*** Opening Records supplied ***

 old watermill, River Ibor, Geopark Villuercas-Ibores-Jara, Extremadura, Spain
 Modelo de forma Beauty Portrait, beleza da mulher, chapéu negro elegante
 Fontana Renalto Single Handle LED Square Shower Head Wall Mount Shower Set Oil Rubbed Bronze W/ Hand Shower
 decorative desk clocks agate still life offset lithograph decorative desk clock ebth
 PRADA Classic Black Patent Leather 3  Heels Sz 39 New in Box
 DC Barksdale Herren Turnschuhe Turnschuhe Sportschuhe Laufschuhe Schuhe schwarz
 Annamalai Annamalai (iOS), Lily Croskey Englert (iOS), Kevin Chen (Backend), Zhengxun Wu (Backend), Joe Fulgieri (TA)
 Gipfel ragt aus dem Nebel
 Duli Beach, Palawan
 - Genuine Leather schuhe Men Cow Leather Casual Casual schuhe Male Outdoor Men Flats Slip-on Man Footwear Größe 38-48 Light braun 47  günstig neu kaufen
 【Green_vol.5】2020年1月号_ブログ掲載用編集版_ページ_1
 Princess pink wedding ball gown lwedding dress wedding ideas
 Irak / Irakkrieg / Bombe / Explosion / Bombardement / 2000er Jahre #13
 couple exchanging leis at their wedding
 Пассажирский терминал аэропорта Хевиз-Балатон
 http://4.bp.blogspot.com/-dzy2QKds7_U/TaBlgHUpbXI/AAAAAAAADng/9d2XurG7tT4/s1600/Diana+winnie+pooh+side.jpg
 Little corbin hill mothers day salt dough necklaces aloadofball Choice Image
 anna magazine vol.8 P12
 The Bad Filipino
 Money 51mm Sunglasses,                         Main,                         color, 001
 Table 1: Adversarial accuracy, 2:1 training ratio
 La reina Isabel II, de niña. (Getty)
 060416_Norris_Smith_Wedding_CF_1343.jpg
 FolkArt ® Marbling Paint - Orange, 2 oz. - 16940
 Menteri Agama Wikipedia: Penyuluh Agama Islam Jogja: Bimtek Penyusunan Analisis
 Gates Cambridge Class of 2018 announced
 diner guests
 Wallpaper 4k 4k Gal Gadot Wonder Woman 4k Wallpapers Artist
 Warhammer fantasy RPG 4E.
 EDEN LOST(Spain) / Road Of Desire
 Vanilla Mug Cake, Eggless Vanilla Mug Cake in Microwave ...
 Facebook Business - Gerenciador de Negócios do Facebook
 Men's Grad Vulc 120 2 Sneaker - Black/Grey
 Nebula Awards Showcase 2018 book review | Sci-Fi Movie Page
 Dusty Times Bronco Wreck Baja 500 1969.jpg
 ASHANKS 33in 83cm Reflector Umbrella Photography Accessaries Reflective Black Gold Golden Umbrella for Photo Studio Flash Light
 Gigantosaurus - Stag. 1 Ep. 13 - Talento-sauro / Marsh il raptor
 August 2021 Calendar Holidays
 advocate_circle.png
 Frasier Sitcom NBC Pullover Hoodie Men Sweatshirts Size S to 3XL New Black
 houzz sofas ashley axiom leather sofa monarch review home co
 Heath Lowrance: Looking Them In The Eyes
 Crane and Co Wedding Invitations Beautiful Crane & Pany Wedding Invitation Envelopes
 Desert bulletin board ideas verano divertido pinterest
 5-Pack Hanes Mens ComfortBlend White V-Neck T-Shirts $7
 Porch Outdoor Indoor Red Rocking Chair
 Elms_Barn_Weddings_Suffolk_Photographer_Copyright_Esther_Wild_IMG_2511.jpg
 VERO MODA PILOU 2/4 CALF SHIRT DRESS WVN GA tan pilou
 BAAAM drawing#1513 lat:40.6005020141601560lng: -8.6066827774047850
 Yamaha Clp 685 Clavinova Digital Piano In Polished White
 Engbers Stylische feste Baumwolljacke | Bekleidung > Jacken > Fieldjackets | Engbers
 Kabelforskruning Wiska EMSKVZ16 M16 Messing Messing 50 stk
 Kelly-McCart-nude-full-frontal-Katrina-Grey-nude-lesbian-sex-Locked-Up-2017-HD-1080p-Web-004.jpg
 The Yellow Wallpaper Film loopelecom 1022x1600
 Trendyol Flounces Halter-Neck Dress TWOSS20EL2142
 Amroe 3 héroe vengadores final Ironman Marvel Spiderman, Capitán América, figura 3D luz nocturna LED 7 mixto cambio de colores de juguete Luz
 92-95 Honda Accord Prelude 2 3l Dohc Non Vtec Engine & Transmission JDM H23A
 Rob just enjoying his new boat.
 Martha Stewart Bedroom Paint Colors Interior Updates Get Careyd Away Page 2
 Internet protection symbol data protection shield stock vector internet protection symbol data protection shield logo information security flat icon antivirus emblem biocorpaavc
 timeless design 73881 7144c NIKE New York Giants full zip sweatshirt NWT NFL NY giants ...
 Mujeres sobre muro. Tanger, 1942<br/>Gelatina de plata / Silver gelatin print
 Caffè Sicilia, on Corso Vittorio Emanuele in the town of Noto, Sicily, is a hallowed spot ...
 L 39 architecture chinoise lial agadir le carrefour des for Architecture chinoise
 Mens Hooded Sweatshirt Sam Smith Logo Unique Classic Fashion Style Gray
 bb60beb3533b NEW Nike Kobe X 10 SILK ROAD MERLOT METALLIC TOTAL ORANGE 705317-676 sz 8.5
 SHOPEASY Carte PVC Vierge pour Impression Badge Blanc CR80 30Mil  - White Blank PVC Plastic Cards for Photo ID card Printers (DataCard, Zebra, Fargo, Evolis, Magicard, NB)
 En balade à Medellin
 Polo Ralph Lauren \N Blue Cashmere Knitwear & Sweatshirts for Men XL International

*** Closing Records supplied ***

Assignment → Begin with the line above that has "Little corbin hill" and continue through the line that has "060416_Norris_Smith_Wedding_CF_1343.jpg", setting each one down exactly. Stop there.

Result of the exercise →
 Little corbin hill mothers day salt dough necklaces aloadofball Choice Image
 anna magazine vol.8 P12
 The Bad Filipino
 Money 51mm Sunglasses,                         Main,                         color, 001
 Table 1: Adversarial accuracy, 2:1 training ratio
 La reina Isabel II, de niña. (Getty)
 060416_Norris_Smith_Wedding_CF_1343.jpg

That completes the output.